Opinion

William Scholes: Farewell to Andrea Camilleri, father of Inspector Montalbano

William Scholes

William Scholes

William has worked at The Irish News since 2002. His areas of interest include religion and motoring.

The Inspector Montalbano books, written by Andrea Camilleri who died this month, were turned into a television series. The books are better, though
The Inspector Montalbano books, written by Andrea Camilleri who died this month, were turned into a television series. The books are better, though The Inspector Montalbano books, written by Andrea Camilleri who died this month, were turned into a television series. The books are better, though

ANYONE looking at yesterday's entry in my diary will have seen the words 'Overnight Kidnapper' scratched on to the page with black ink.

To emphasise that this was Something Important, I had written them in BLOCK CAPITALS and circled them using a red pen. And because I truly can be a bear of little brain, I had daubed the lot with a fluorescent yellow highlighter.

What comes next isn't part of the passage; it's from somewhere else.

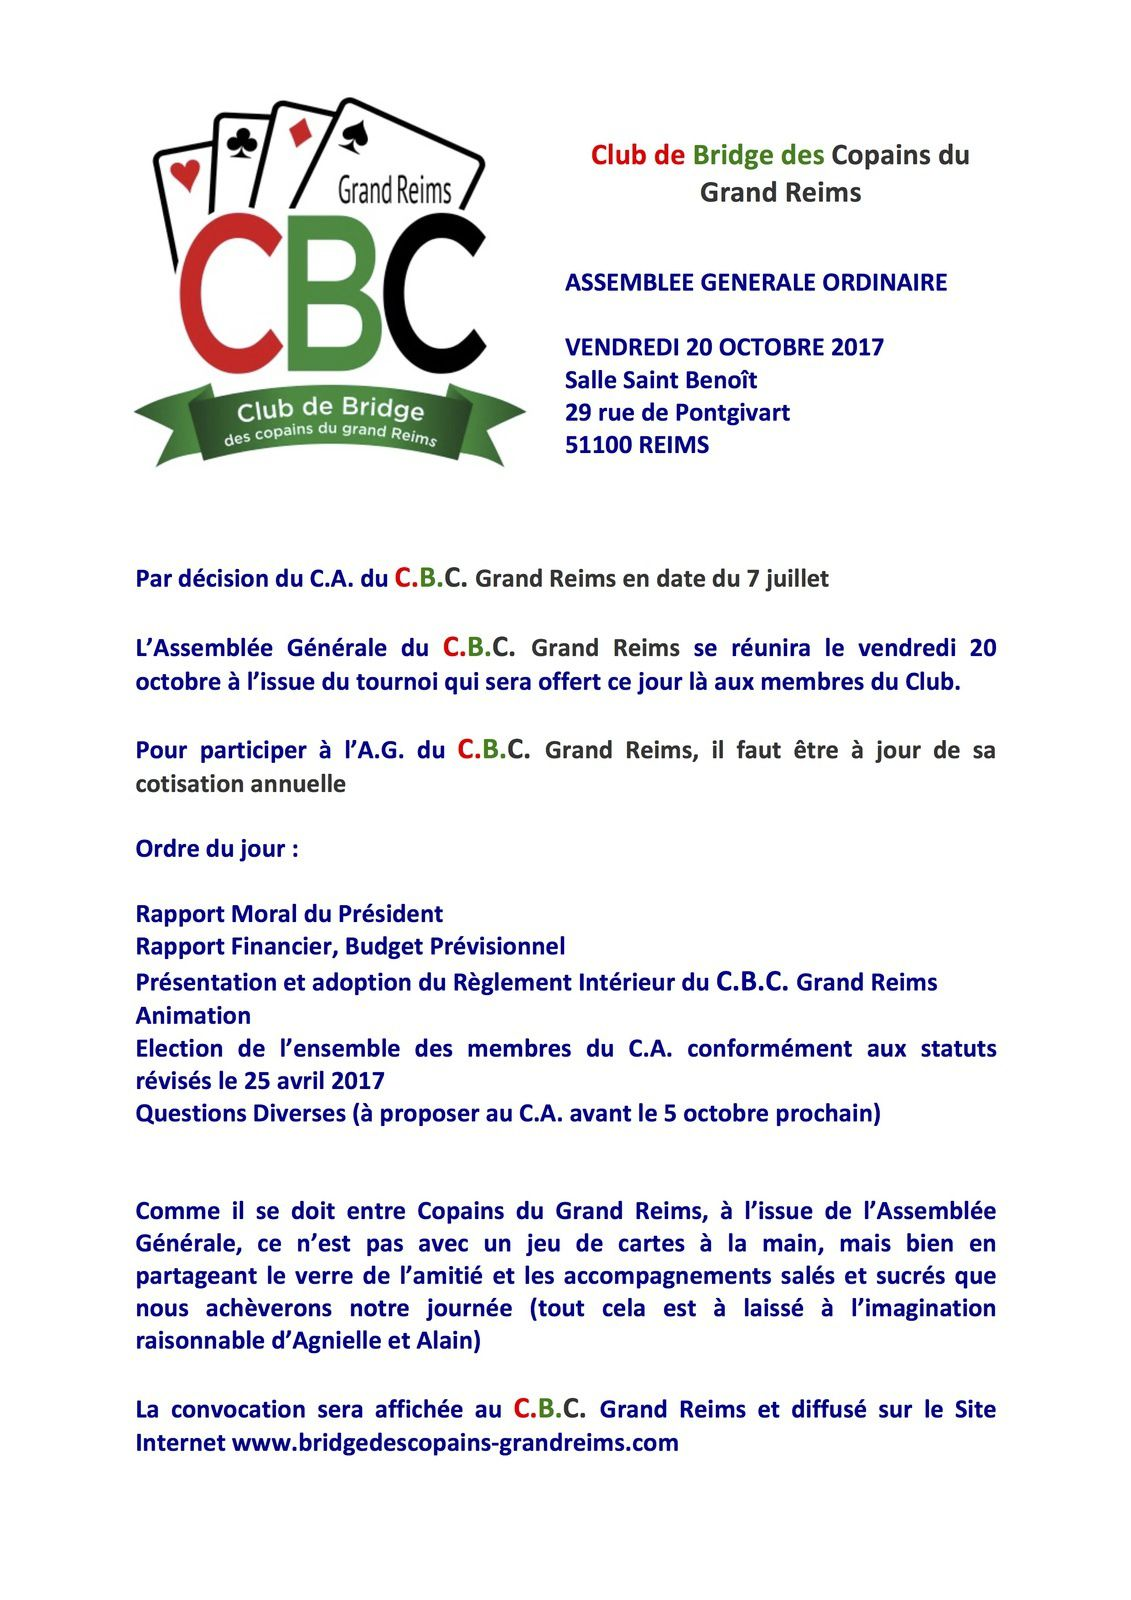 CONVOCATION ASSEMBLEE GENERALE DU VENDREDI 20 OCTOBRE 2017

This sort of advanced level diarying is normally reserved for I-must-not-forget-but-there's-every-chance-I-might events like my wife's birthday and our wedding anniversary.

Part of me wishes that I could claim it was a note to remind me to look up 'K' in the Yellow Pages and hire a 'kidnapper, overnight' to extract the new occupant of 10 Downing Street to an undisclosed location from where he might inflict less buffoonery.

The words, however, were written months before Boris Johnson's irresistible, if improbable, ascent to the office of prime minister.

And on July 17 they acquired a poignancy they lacked when I first marked them in my diary, for that was the day that the great Sicilian author Andrea Camilleri died, aged 93.

Overnight Kidnapper is the 23rd title in his quite wonderful series of Inspector Montalbano detective stories, and the latest to be translated into English, with yesterday the publication date of the paperback.

Ever since the providential day around a decade ago when I fell into the pages of my first Montalbano book, my reading year has followed a hardback-for-Christmas, paperback-for-summer-holiday rhythm.

The first book in the series, The Shape of Water, was published in 1994 on the eve of Camilleri's 70th birthday.

He did not allow age or, later, failing eyesight to hold him back. He penned a total of 28 Montalbano books - an astonishing output, though prolificity never dimmed the brightness, quality, wit and invention of his writing.

One has yet to be published. Called Riccardino, it was written by Camilleri 13 years ago and promptly locked in a safe.

It is the final entry in the Montalbano canon - Camilleri wanted to write his character's definitive last word and spoke of how it should be published after his own death.

I look forward to each new encounter with Montalbano with the same anticipation that you would reserve for a special meal in an expensive restaurant, cracking the spine and turning to the first page with a sigh of contentment in the way one might read a Michelin-starred chef's menu

Having killed off Montalbano, he couldn't imagine resurrecting him in the way Arthur Conan Doyle brought back Sherlock Holmes from his plunge at Reichenbach Falls.

As well as being a valedictory to Montalbano, it will be difficult not to read Riccardino as Camilleri's own epitaph.

By the time the books found me, around 10 had been translated into English. I enjoyed the first so much that I immediately read another, and then another.

By then I realised that food is of central importance to the stories. Montalbano is fanatical about good meals being eaten in silence.

Like Montalbano with his favourite pasta 'ncasciate - "a dish worthy of Olympus" - there was a temptation to gorge on title after title but I resisted, and with a couple of exceptions have eased into my pair-of-books-a-year routine.

I look forward to each new encounter with Montalbano with the same anticipation that you would reserve for a special meal in an expensive restaurant, cracking the spine and turning to the first page with a sigh of contentment in the way one might read a Michelin-starred chef's menu.

And that's why 'Overnight Kidnapper' was circled, underlined and highlighted in my diary.

THANKS to all who have inquired about the Irish News bird machine following my last column; its relentless sonic assault continues.

The 15th adventure in the Montalbano series is called The Dance of the Seagull.

The title comes from a scene in which a gull falls from the sky and lands in front of the inspector, before performing an odd dance and dropping dead. Montalbano regards it as a dark omen that torments him for the rest of the story.

I know the feeling, though at least Montalbano's gull torture lasted only 180 pages.